> [Problem description]
When the line containing "School is all they know…" is reached, begin transcribing. Continue exactly through the final line of the listing, and return nothing else.

━━━━━ Data in this exercise ━━━━━

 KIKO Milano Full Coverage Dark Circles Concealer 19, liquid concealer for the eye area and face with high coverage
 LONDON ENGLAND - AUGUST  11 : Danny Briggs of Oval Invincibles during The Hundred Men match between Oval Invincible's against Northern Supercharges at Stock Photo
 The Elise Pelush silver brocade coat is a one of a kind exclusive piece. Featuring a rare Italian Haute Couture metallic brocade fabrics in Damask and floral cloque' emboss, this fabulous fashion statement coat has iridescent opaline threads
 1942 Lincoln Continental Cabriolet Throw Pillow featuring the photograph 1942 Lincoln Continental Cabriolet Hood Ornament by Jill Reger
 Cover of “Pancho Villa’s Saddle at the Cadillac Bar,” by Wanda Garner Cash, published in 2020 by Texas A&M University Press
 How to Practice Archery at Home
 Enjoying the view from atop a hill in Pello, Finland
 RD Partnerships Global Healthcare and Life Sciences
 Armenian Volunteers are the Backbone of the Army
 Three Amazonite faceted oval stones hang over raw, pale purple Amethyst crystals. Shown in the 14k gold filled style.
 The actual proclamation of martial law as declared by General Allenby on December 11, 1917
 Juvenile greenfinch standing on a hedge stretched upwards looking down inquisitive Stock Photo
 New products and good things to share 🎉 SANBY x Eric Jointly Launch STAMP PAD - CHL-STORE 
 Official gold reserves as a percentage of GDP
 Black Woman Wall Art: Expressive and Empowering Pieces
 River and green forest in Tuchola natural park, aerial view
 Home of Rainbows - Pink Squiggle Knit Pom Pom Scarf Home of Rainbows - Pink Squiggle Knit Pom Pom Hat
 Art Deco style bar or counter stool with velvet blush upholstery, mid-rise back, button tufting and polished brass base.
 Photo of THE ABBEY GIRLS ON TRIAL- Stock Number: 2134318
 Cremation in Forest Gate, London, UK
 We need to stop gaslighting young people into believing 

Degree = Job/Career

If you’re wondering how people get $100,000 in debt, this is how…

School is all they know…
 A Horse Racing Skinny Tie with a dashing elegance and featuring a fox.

━━━━━

> [Task response]
School is all they know…
 A Horse Racing Skinny Tie with a dashing elegance and featuring a fox.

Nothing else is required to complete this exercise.